# How to become Health/Safety Trainer?



## Mr Ed (17 Jan 2008)

Anybody know of any Instructor courses, preferably in Cork?

Thanks,

Mr Ed


----------



## ClubMan (17 Jan 2008)

Any useful info on www.fas.ie ?


----------



## quinno (17 Jan 2008)

More than likely to will need to be IOSH approved. www.iosh.co.uk. 

Is this to carry ourt Safe Pass training, or be an in house H & S trainer for an organisation?


----------



## Mr Ed (17 Jan 2008)

Having problems with fas.ie at the mo.

Yeah, just considering safe pass, H&S, first aid, manual handling etc. various things for contracting..... I'm a trainer already but not in those.


----------



## ClubMan (17 Jan 2008)

Mr Ed said:


> Having problems with fas.ie at the mo.


Works fine for me. Maybe a problem at your end?


----------



## cruchan09 (17 Jan 2008)

You can do a 5 day course to become a Manual Handling instrutor. Lots of compnaied offer it. See [broken link removed]. 

Nifast also do a course setting you up as a trainer in defibrillator use which might be useful given the number of defibs springing up around teh country. 

No connection to Nifast, have just used them before. 

It's difficult to become a first aid trainer, I think you need lots of experience and approval from the HSA to train.

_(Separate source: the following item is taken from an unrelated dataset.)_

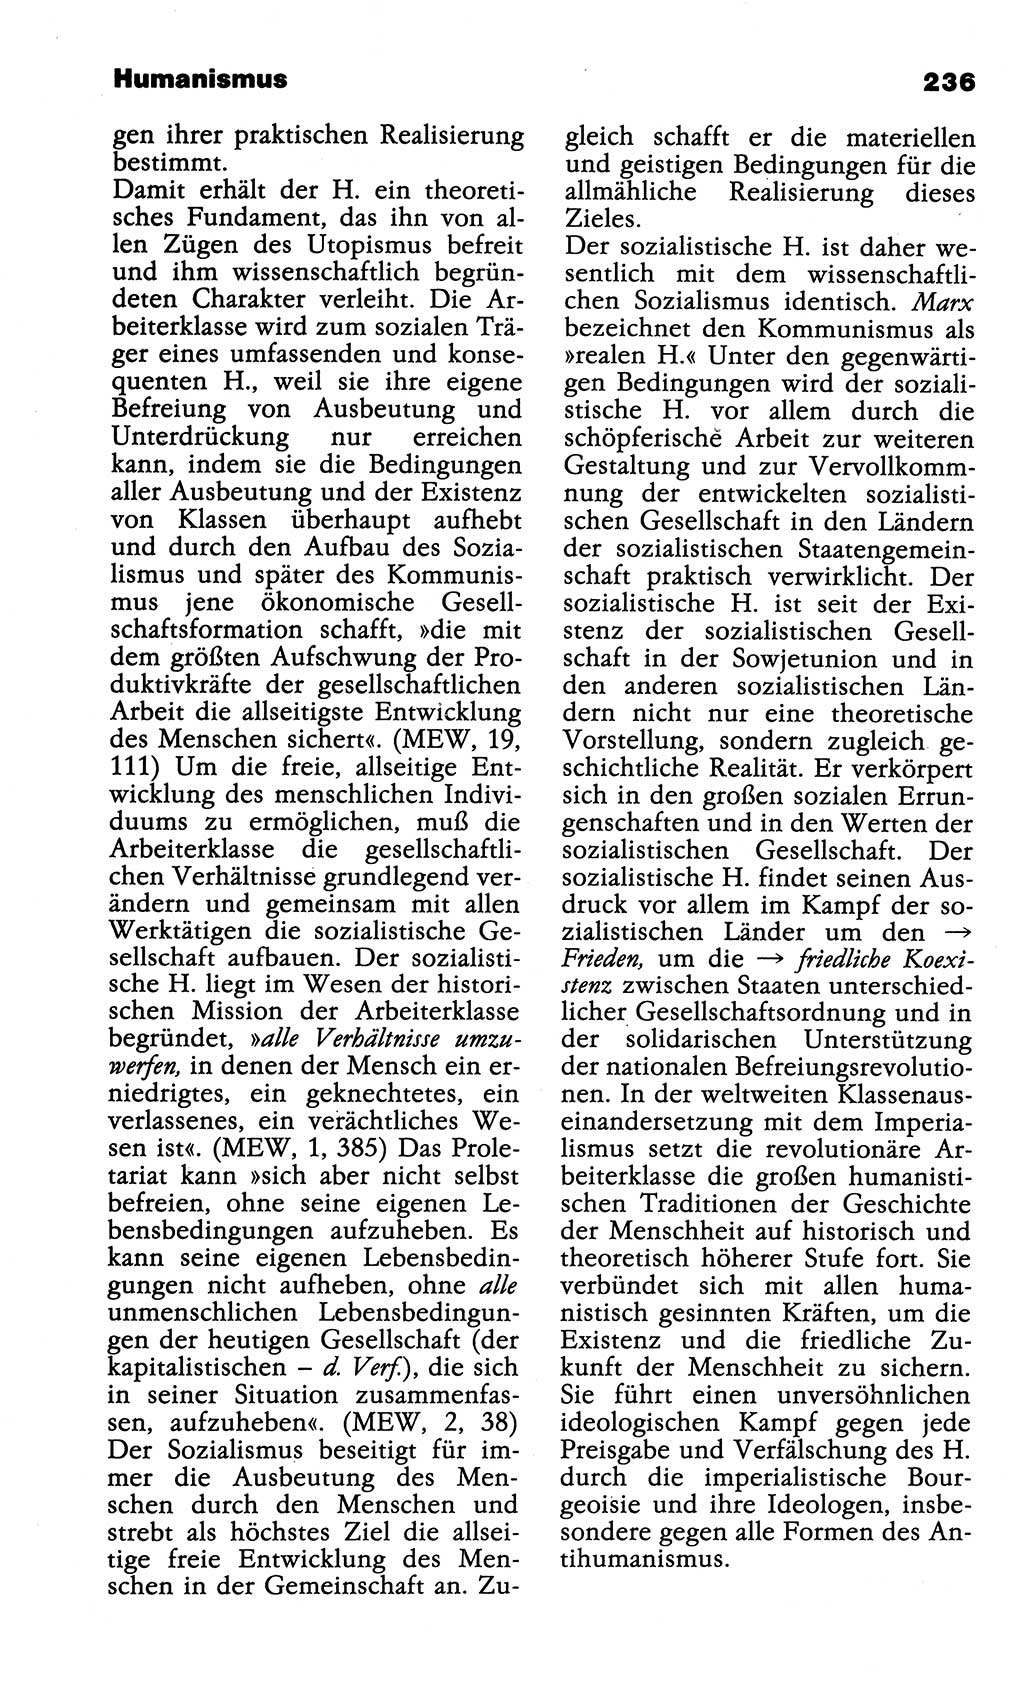 Wörterbuch der marxistisch-leninistischen Philosophie [Deutsche Demokratische Republik (DDR)] 1985, Seite 236 (Wb. ML Phil. DDR 1985, S. 236)

There are too many safe pass instructors at the minute so I don't think that there's much profit in it. Again I thnk you need to demonsrate some experience in the sector and apply to FAS for training. 

Hope this helps.


----------



## gipimann (17 Jan 2008)

If you want to further your Health & Safety knowledge there are certificate and diploma courses run by UCD -  link  to their site


----------



## garythegreat (17 Jan 2008)

To be a safe trainer you need 5 years experience in construction, then you go on a FAS  course and register with FAS


----------



## abyrne151 (23 Mar 2008)

Contact www.olivesafety.ie as they run some Trainer courses.


----------